> **TASK REQUIREMENTS**:
Give the data below again exactly as it stands. Omit the pictures.

*** DATA BELOW ***

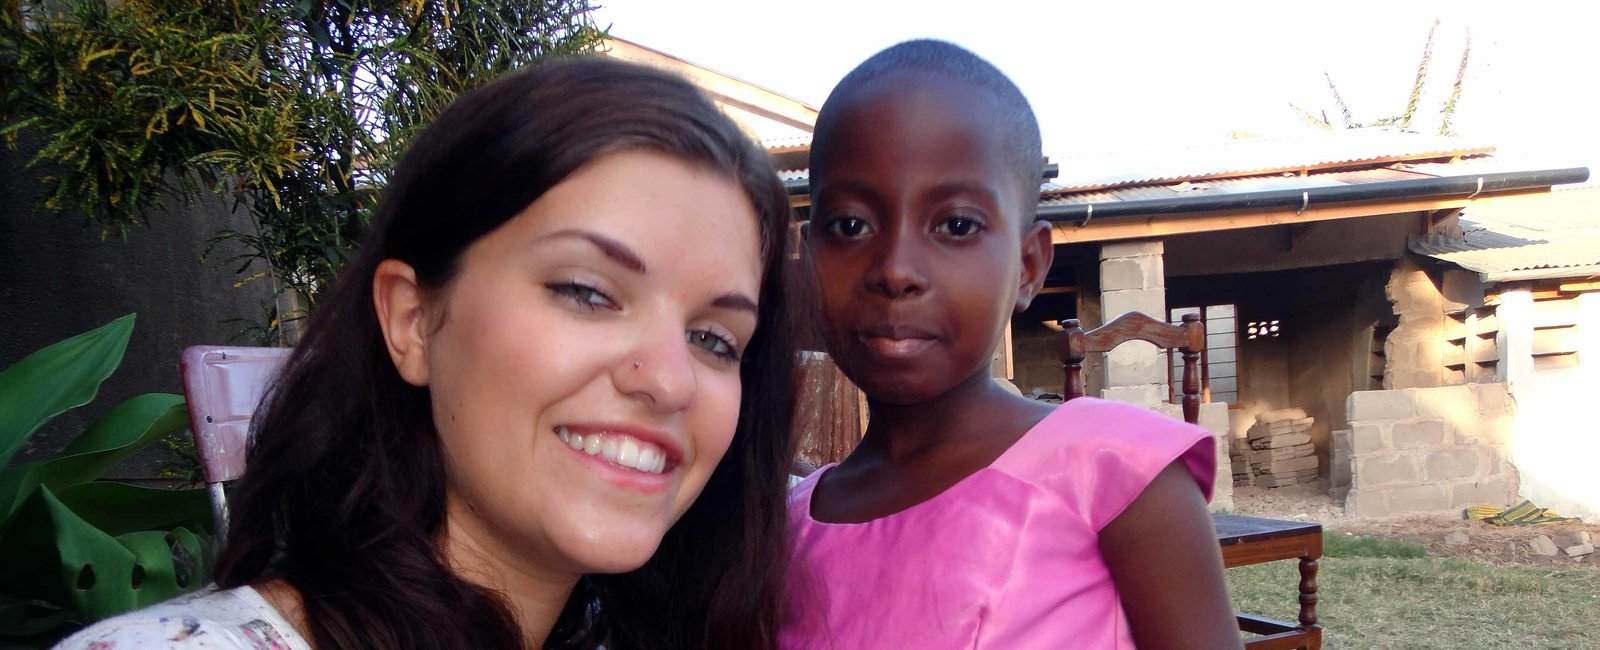 Harriet Bloom - Midwifery Electives in Tanzania Dar es Salaam
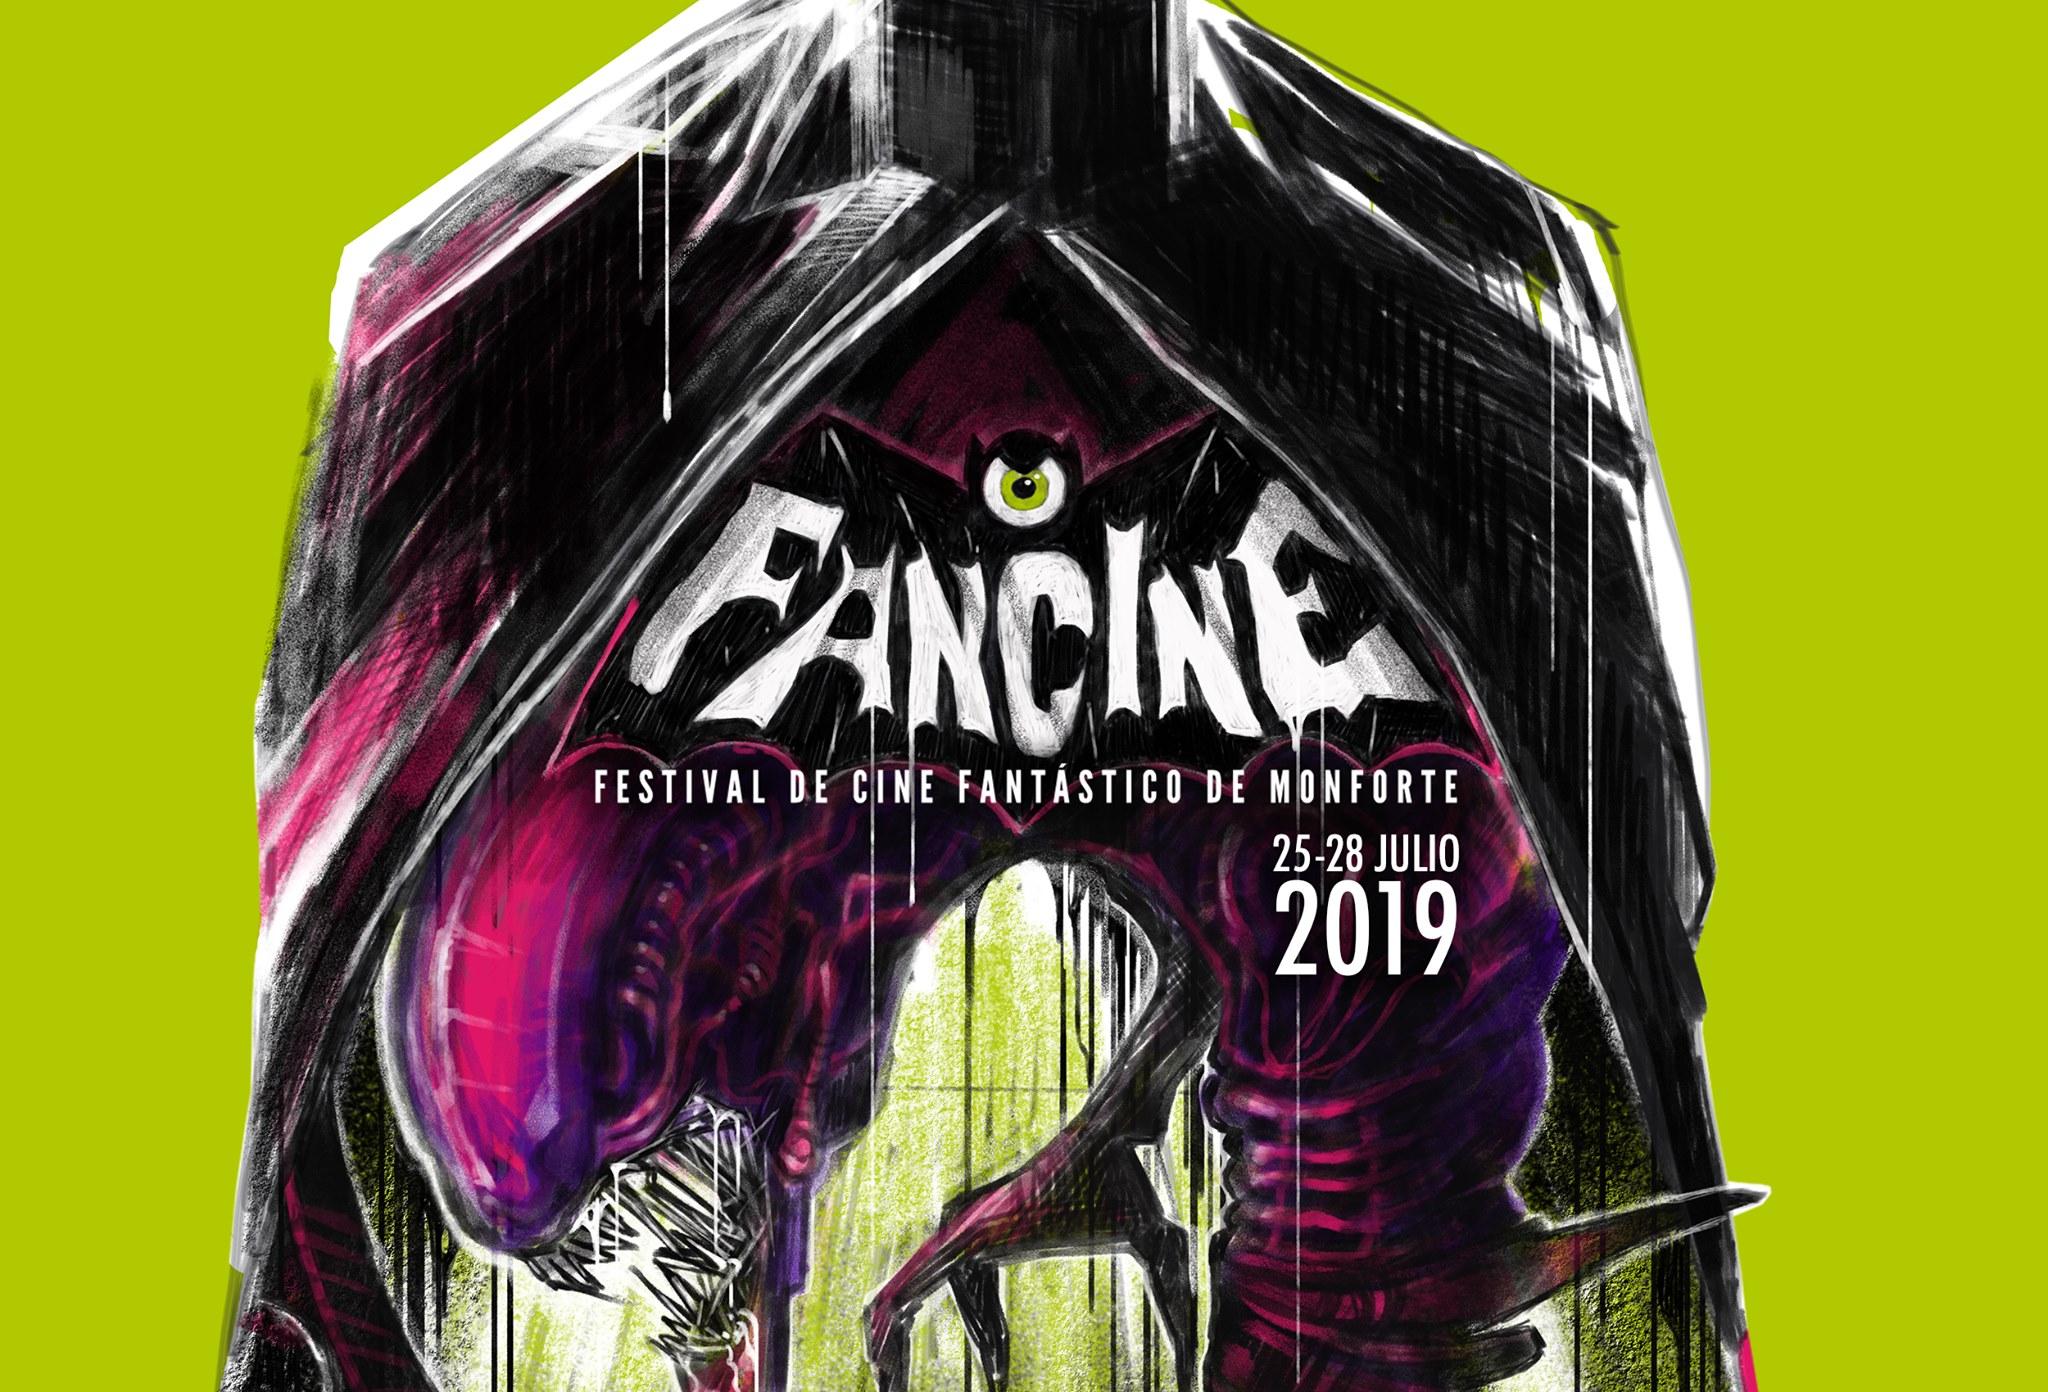 FanCine - Festival de cine fantástico de Monforte de Lemos
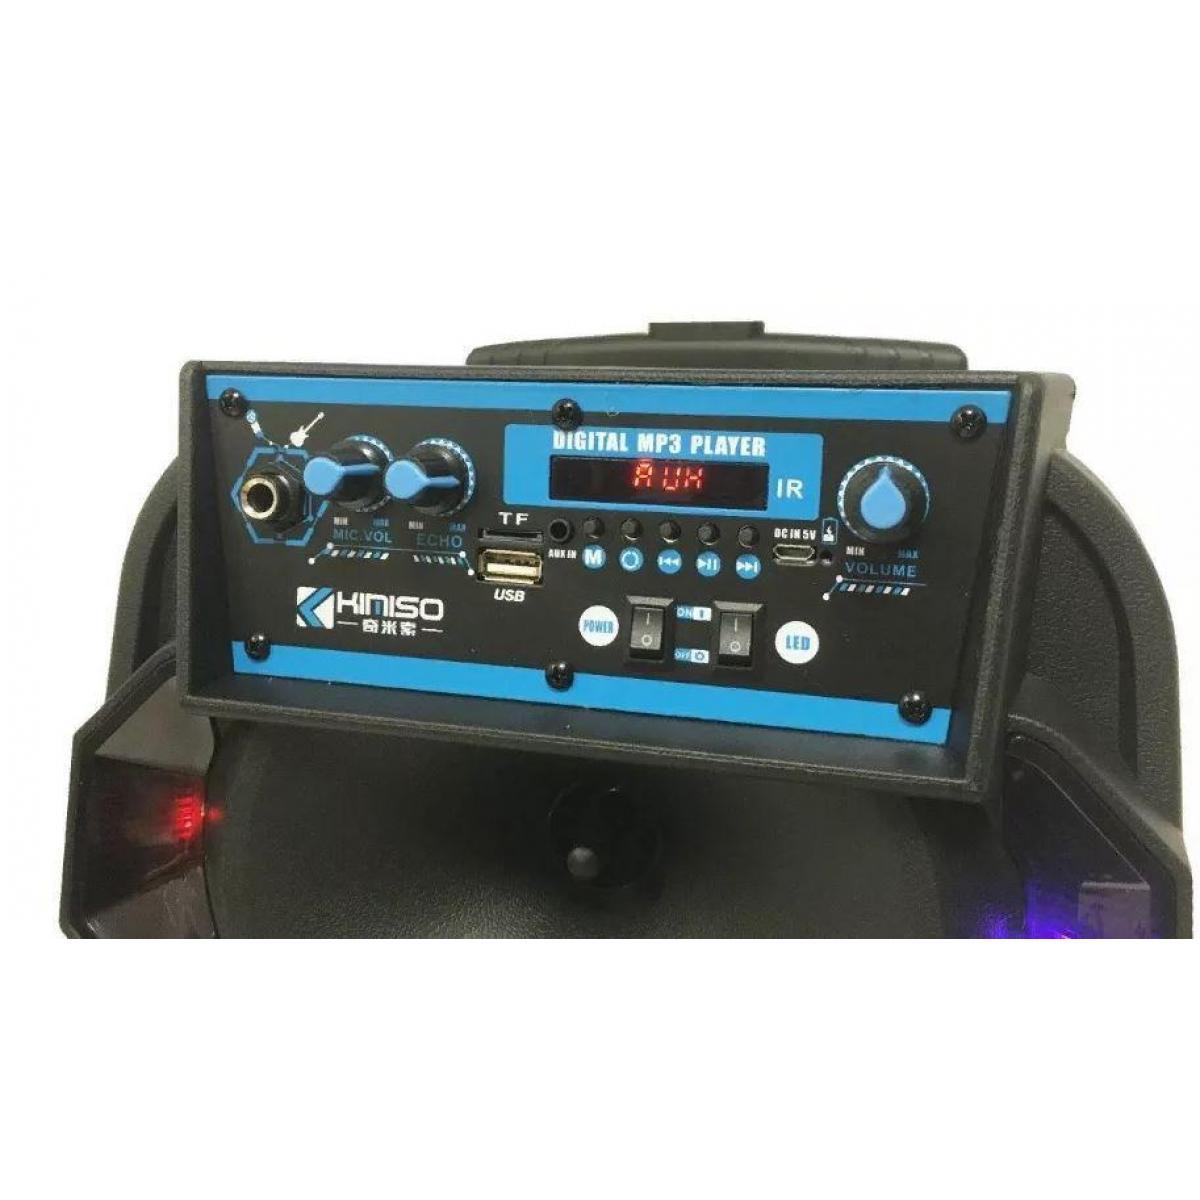 Акустична система Kimiso QS-801 з мікрофоном
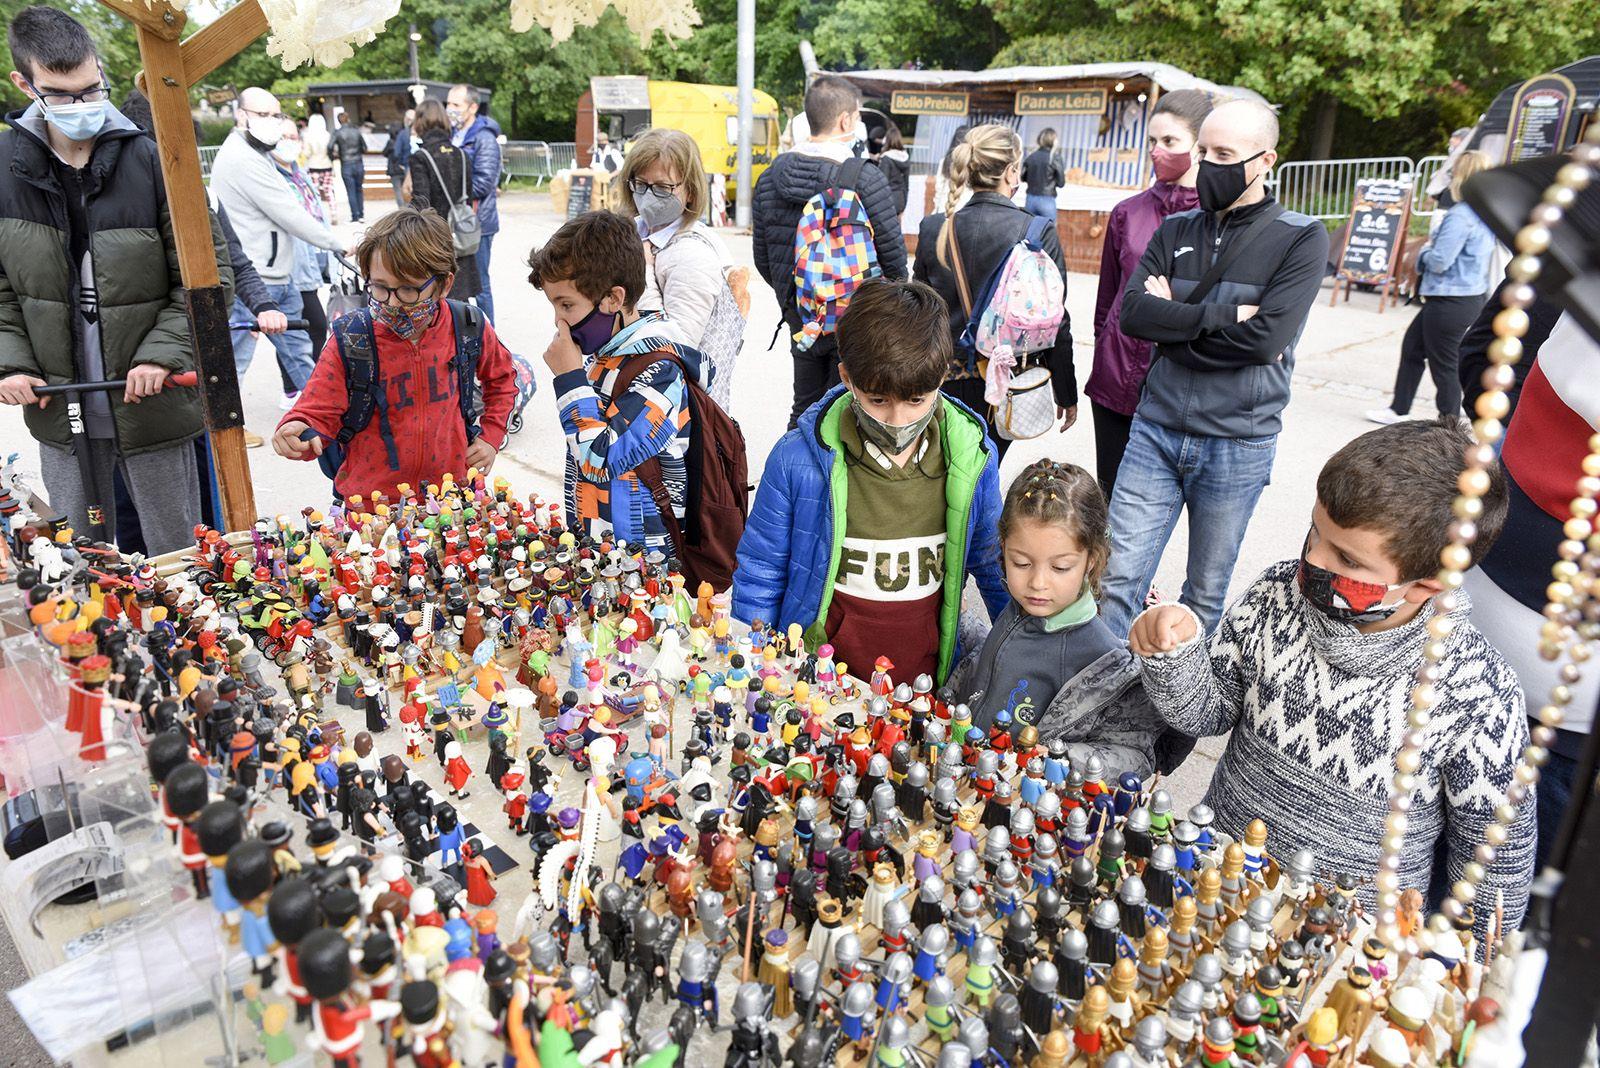 Mercat Medieval de Festa Major. Fotos: Bernat Millet.

*** End of DATA BELOW ***

> **OUTPUT BELOW**:
 Harriet Bloom - Midwifery Electives in Tanzania Dar es Salaam
 FanCine - Festival de cine fantástico de Monforte de Lemos
 Акустична система Kimiso QS-801 з мікрофоном
 Mercat Medieval de Festa Major. Fotos: Bernat Millet.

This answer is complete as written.